Notice that this reasoning doesn't take into account whether or not GPT-2 can
actually negatively impact the world. It says as long as people are aware that
the text they are reading could be fake/AI-generated, we'll be fine. I think
people are already aware of that. I don't see how releasing the pre-trained
model will help with that.

------
doublekill
Another thing that has not been discussed yet: OpenAI does not want to be
responsible for the output of this model. Can you imagine the headlines?
"OpenAI released a text generating AI and it is racist as hell". People should
have learned their lesson after the Tay fiasco.

I am ambiguous on the issue of release vs. non-release, but the mockery and
derision they faced makes me ashamed to contribute to this field. No good
faith is assumed, but projection of PR-blitzes and academic penis envy.

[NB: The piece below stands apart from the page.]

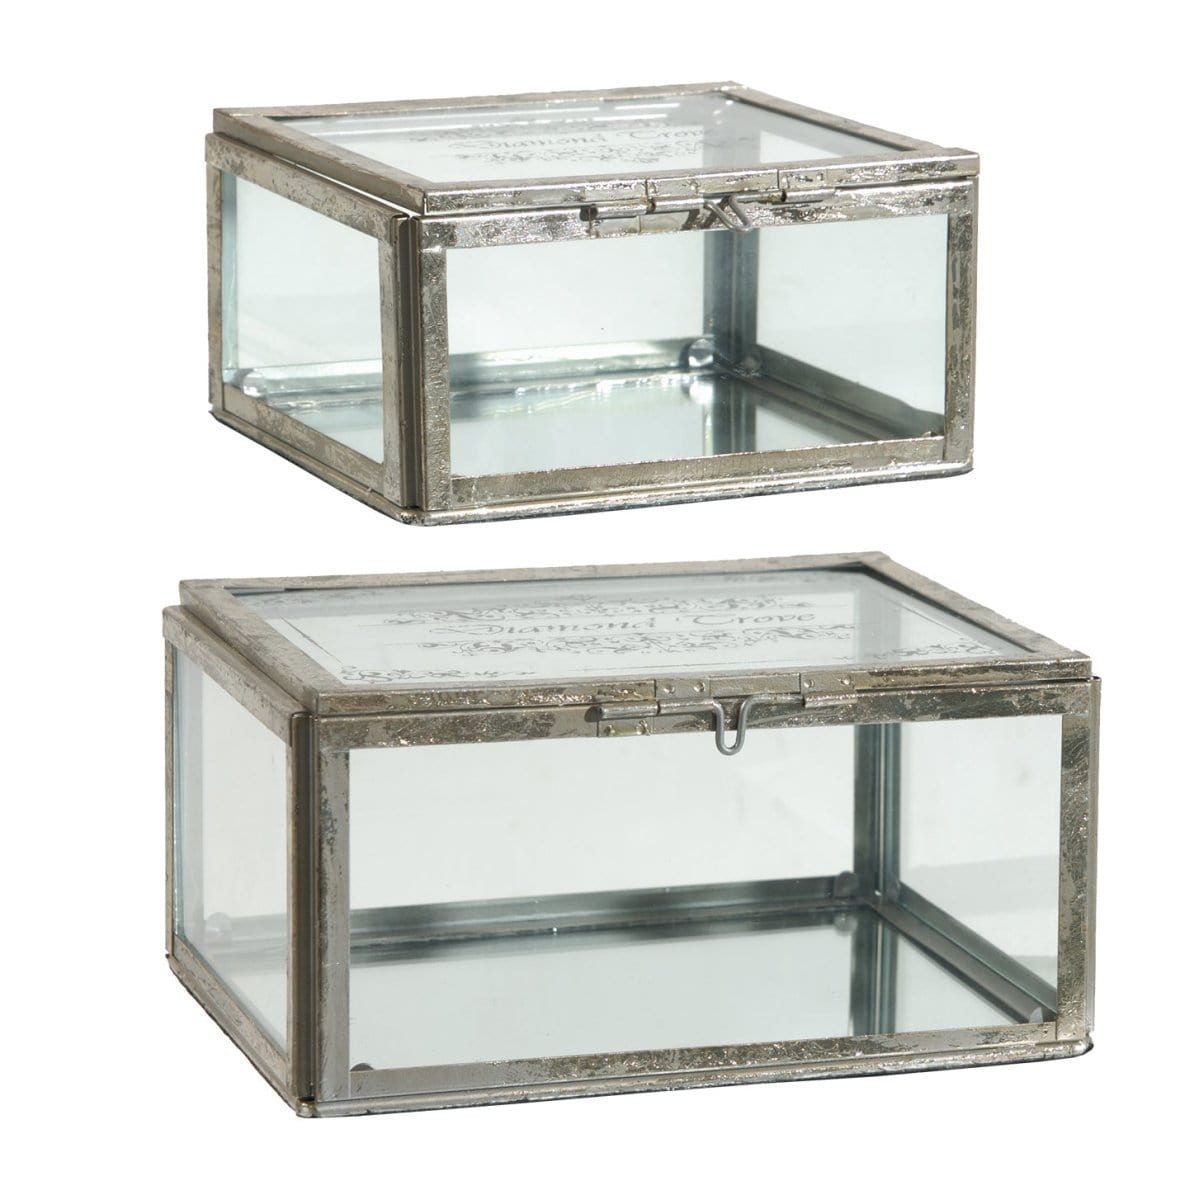 AB-35238 S/2 JEWELRY BOXES picket and rail

Perhaps AI researchers are simply not the best for dealing with ethical and
societal issues. Look at how long it took to get decent research into
fairness, and its current low focus in industry. If you were in predictive
modeling 10 years ago, it is likely you contributed to promoting and
institutionalizing bias and racism. Do you want these same people deciding on
responsible disclosure standards? Does the head of Facebook AI or those that
OK'd project Dragonfly or Maven have any real authority on the responsible
ethical use of new technology?

I am not too sure about the impact of a human-level text generating tool. It
may throw us back to the old days of email spam (before Bayesian spam
filters). It is always easier to troll and derail than it is to employ such
techniques for good. Scaling up disinformation campaigns is a real threat to
our democracies (or maybe this decade-old technique is already in use at scale
by militaries, and this work is merely showing what the AI community's love
for military funding looks like).

I am sure that the impact of the NIPS abbreviation is an order of magnitude
lower than that of this technology, yet companies like NVIDIA used Neurips in
their marketing PR before it was officially introduced (made them look like
the good guys for a profit). How is that for malaligning ML research for PR
purposes? Would the current vitriol displayed in online discussons be
appreciated when there was a name change proposal for the betterment of
society?

Disclaimer: this comment in favor of OpenAI was written by a real human. Could
you tell for sure now you know the current state of the art? What would these
comment sections look like if one person controls 20% of the accounts here?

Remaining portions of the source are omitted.